Other than price....meaning Apple products are expensive, Almost all colleges use both platforms MacOS and Windows. 

The question to you would be; are you familiar with MacOS.


----------



## Carolinedowney9 (Jul 5, 2020)

bassfisher6522 said:


> Other than price....meaning Apple products are expensive, Almost all colleges use both platforms MacOS and Windows.
> 
> The question to you would be; are you familiar with MacOS.


Somewhat. Like I've said I've never owned a laptop but I have several friends with them and I've used there's a couple times.


----------



## bassfisher6522 (Aug 8, 2008)

Do you have an Apple iPhone.....is so it pretty close to that.


----------



## Carolinedowney9 (Jul 5, 2020)

bassfisher6522 said:


> Do you have an Apple iPhone.....is so it pretty close to that.
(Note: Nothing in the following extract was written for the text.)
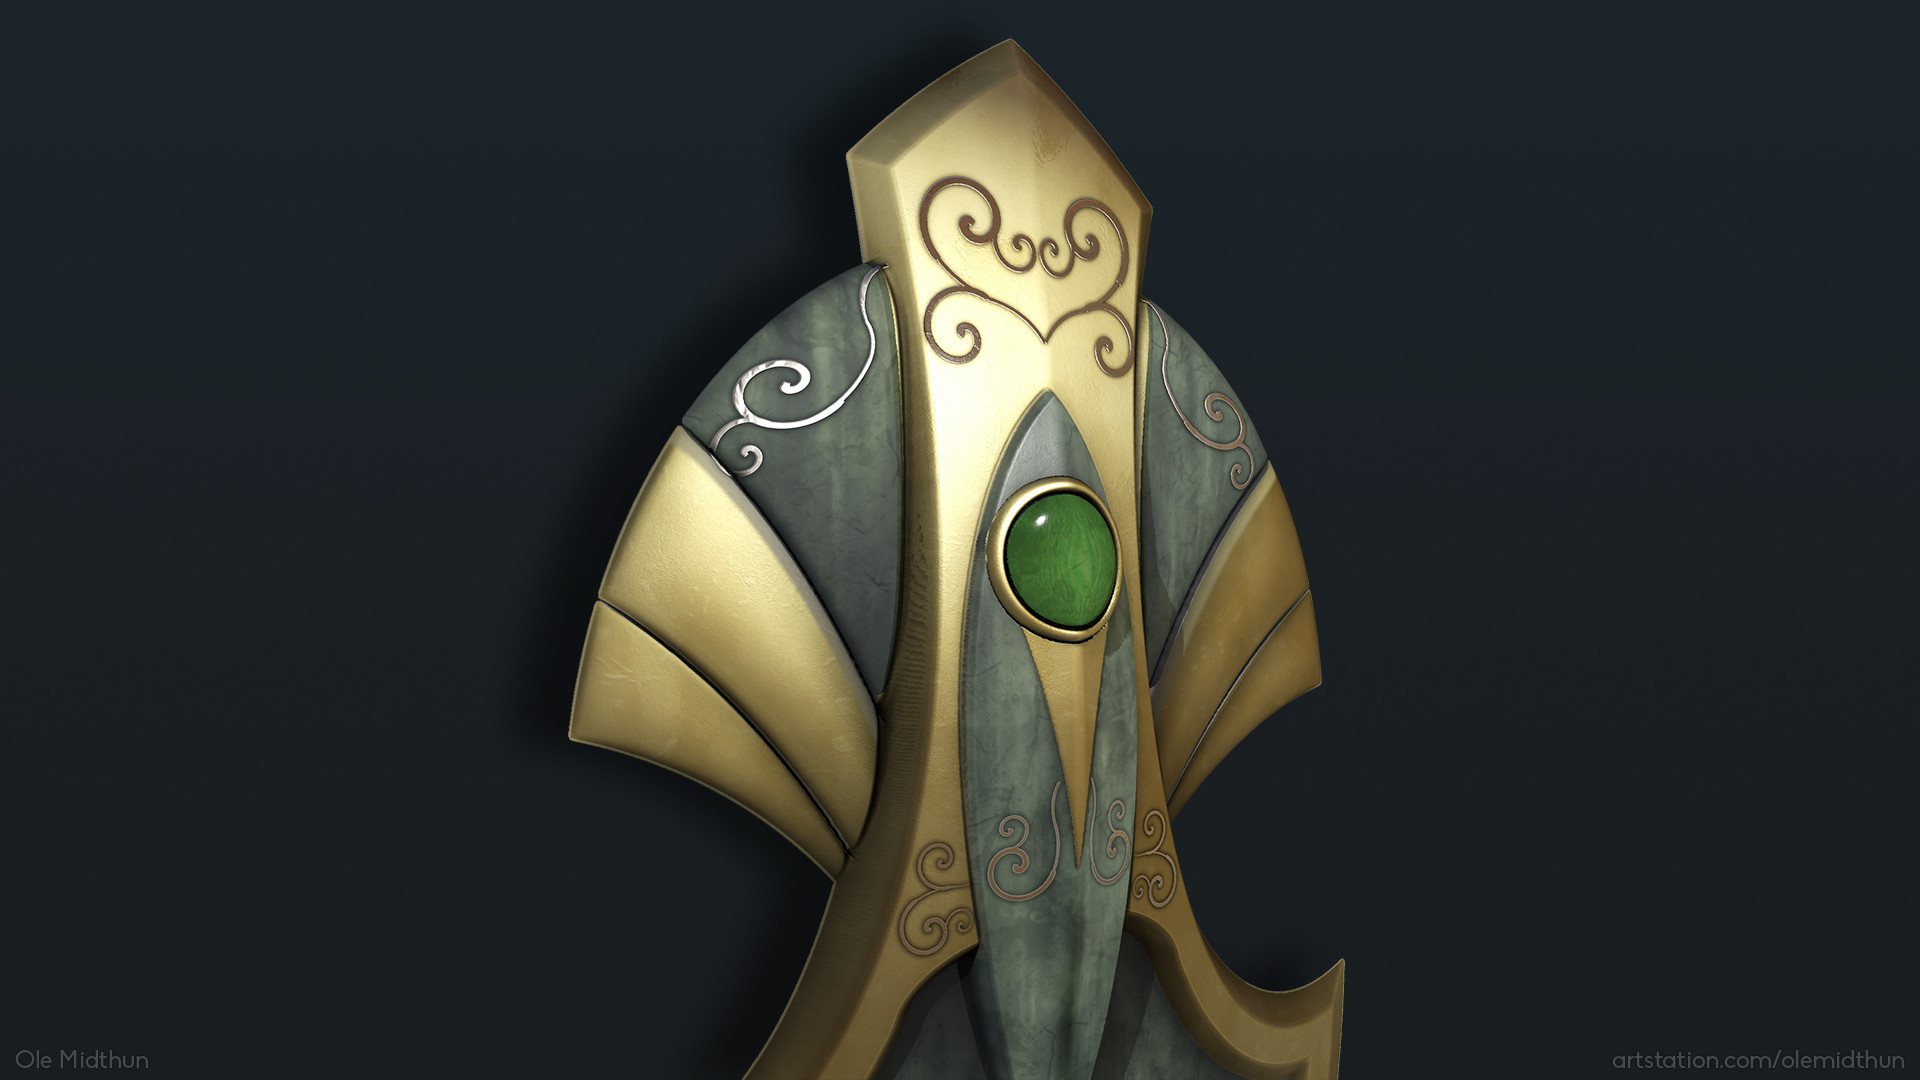 Ole midthun elven shield 3

Right now I have a Huawei p20 however I will be upgrading to an iPhone this fall. I've had iPads in the past so I'm pretty comfortable with apple. I just want to know if there are better options


----------



## SpywareDr (Mar 31, 2014)

Depends on who you ask.  

Better for you would be Apple since you are already familiar with it, (and there is no direct Apple alternative).


----------



## bassfisher6522 (Aug 8, 2008)

Personally, I won't spend $1200 on Mac Book.....for that price I can get 2 very good window laptops. Again that's just me.

However, I have 3 daughters all in college and all 3 prefer Apple products. I got their first iphones.....after that they're on their own for Apple products. So they went out and made money to buy their Macs, iphone 11's.


----------



## bassfisher6522 (Aug 8, 2008)

Also keep in mind that you will need an Office Suite of some kind....word, power point, excel. Most colleges use MS Office. If you go Apple you'll need MS Office version for mac.

https://www.apple.com/shop/accessories/all-accessories/software?page=1


----------



## Carolinedowney9 (Jul 5, 2020)

SpywareDr said:


> Depends on who you ask.
> 
> Better for you would be Apple since you are already familiar with it, (and there is no direct Apple alternative).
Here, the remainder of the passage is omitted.